Is he going to leave me here, this time?
Is he —
“Shh, I got you, Saban. Calm down. I’m here.” Startling awake, my eyes opening to the rough promise, I stare into the midnight of Hadrián’s gaze. Concern brackets his mouth in hard lines.
“Oh,” the nightmare rushes back. I messed up is all I can think burying my face into the crook of his neck. My entire body shivers still locked in the aftermath of the dream.
Strong arms hold me, settling the trembling. I take deep cleansing breaths. I count backwards. Nothing works. Pushing away from him, I rush into my ensuite bathroom, diving for the toilet.
Everything that spews out of me, coming in a hard rush of sickness. Stars dance before me as I heave. Once I’m done, my body feels wrung out, no different than a used wash towel.
My eyes dart up when I hear the water running from the sink. Unable to look his way, I try to stand. Strong fingers grip beneath my arms, helping me rise.
Reaching over, he flushes.
“Sit,” pressing me down on the closed toilet seat, he presses a cool compress on the back of my neck.
“Just breathe it out.” Moving back to the sink, he busies himself loading my toothbrush.
“Here.” Taking it, trying not to inhale the spearmint lest it triggers another bout of sickness, I brush, keeping my eyes averted. Shame eats at me. I wait for him to say something about my not taking care of myself.
We both know what happens when I don’t take care of my mental health as I should — my night terrors return with crippling ferocity. I haven’t been using any of the tools Dr. Kensington gave me to stave off the nightmares. Nor have I been keeping my appointments as I should.
Since the night of the kiss at the el Diablo, I’ve been winging it — screwing around, not doing what I should. To punish myself or Snake, I don’t know, so now here I sit suffering. I guess that answers the question of who I’m really hurting.
“C’mon, let’s get you back to bed.” His voice is gruff and far away. I still feel like I’m in that dark place — tied to the cot in some family’s tent waiting to be savaged by a monster.
I finish brushing and then rinse. I want to tell him so bad I don’t need him putting me to bed like I’m still a fragile ten-year-old, that I’m a grown woman if he cared to look. Instead, I trudge on tired feet back to my room without a word.
Feeling silly, I curl into myself, hoping I can stay awake until exhaustion takes me to a dreamless paradise. Knowing the pattern, I’m likely to fall back into another nightmare I can’t escape from. There’s only been one thing or rather person who kept the demons away, and he’s not speaking to me now.
He pauses, seeming to will me to look his way. No, I’m not asking him for shit. Never again.
I let the little nonsense song’s melody from my childhood I can’t remember the lyrics to soothe my mind. I quell a shudder when I hear his feet slap against the woodgrain floor as he leaves.
“Scoot.” His voice rumbles many minutes later. “I know you’re not asleep.” I press my body far over to the other side of my queen-size bed.
“Humph,” he mutters. “Being over there means you’ll be right back up in a hour, waking me up. I have a lot to do in the morning, so stop cutting up. C’mere and let me hold you, man.”
Hesitating, I exhale. Relief cascades over me in waves along with a relief I should not be feeling.
“Saban.” His voice does something to me deep down low in my belly.
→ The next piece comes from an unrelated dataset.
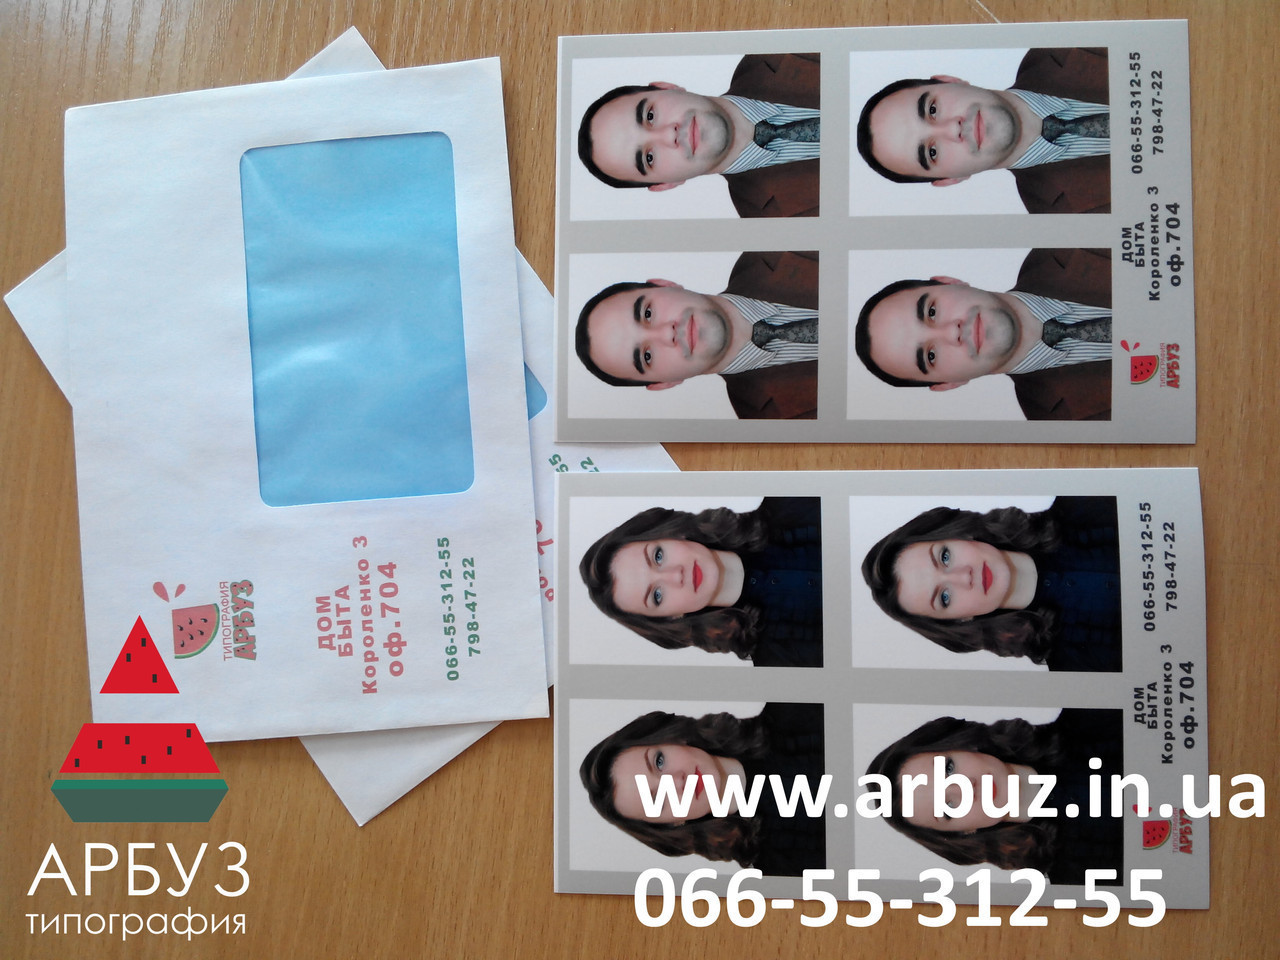 Фото на шенгеновскую визу

Noticing as I turn toward him that he’s changed into joggers and a t-shirt.
His arm is up as waiting for me to tuck myself into the crook of his muscular arm. I can’t deny myself the comfort he’s offering.
“You good?” A question he’s asked many times before, but this time there’s more on the back end — an anticipation of accusations because of his absence.
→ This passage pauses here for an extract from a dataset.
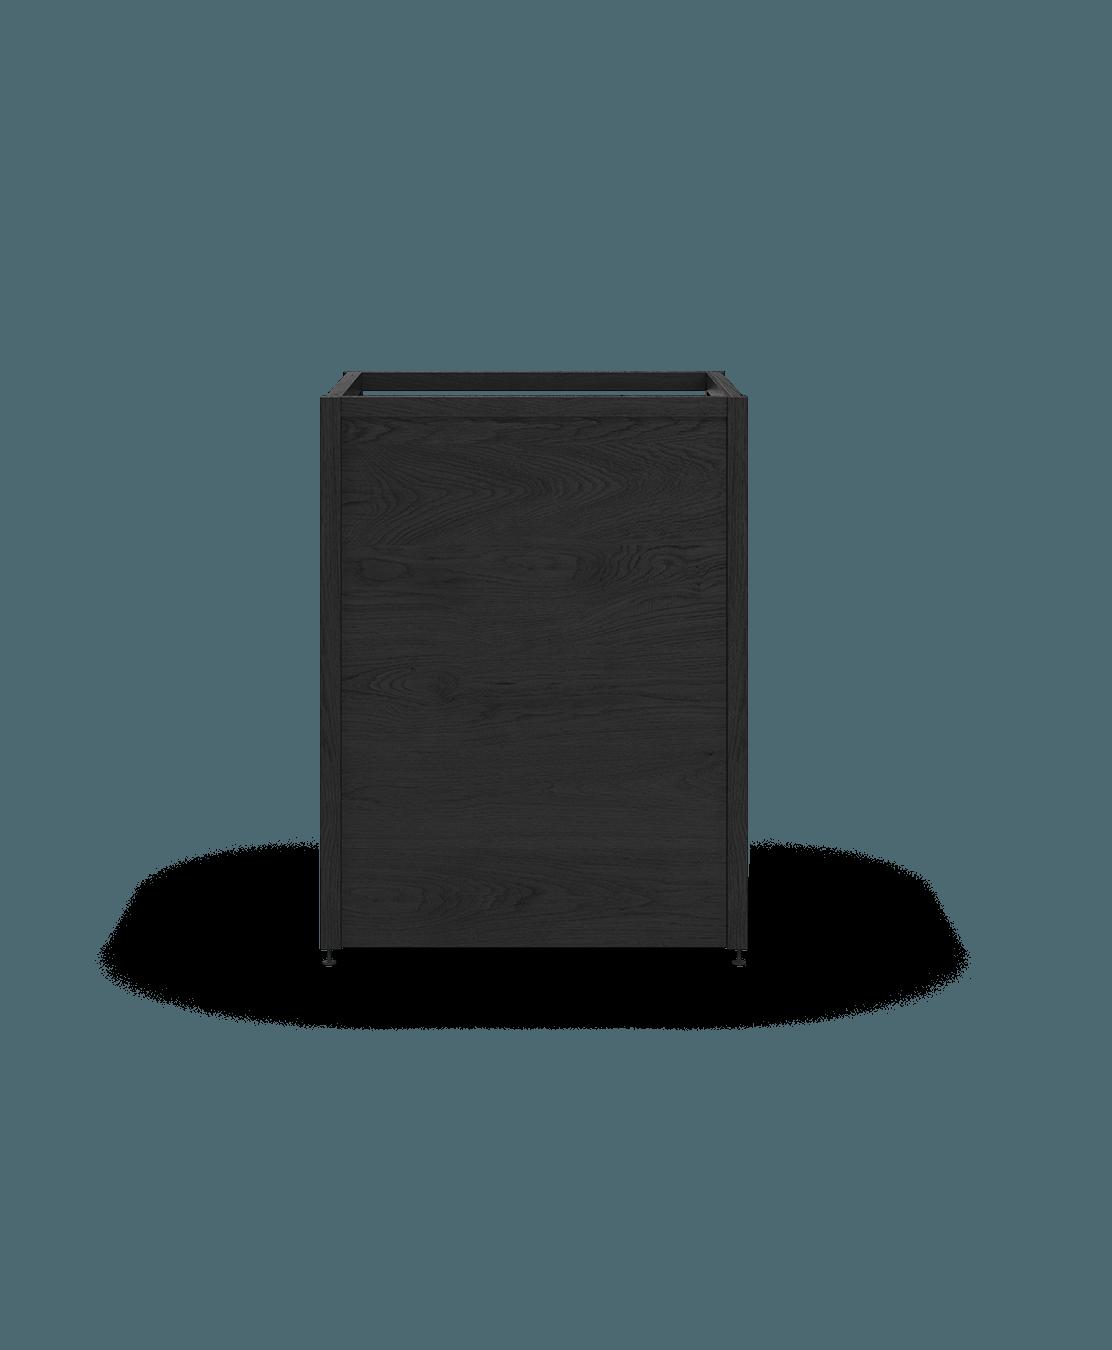 ensemble pour armoire de cuisine modulaire pour electromenagers encastrables en bois massif coquo radix chêne teint noir nuit profonde 26,5 pouces C1-A-24TB-0000-BK

I’ve never done well when he’s gone on missions for the MC or legitimate business for Cruz Construction and Logistics. He probably thinks his being away almost every night over the past few weeks brought this on. It did, but that doesn’t make it his fault.
“Yep,” I say into his chest, not daring to look into the dark umber of his gaze. Scared of what I may see there. Scared of what I want.
“What brought this on?” He’s actually going to the place that hangs bruised and raw between us. I shouldn’t be surprised, no matter what face he’s wearing — Hadrián or Snake — he doesn’tlet things linger. He’s a rip the bandage off kind of motherfucker if there ever was one.
“Just haven’t been keeping up with my exercises.” I force nonchalance into my voice. “It won’t happen again. You don’t have to worry about it.”
“So we’re doing that bullshit again?” His sigh is long-suffering and forlorn. “I already told you?—”
“I messed things up between us. That’s why you stayed away.” Misery leaks into every word, and still — I would kiss him again. I haven’t apologized for it because I don’t regret it. I won’t lie to make things right. Just as I lay here with my sugarcake humming while I inhale the scent of his fresh clean scent. I could lie here with him for an eternity. I don’t care.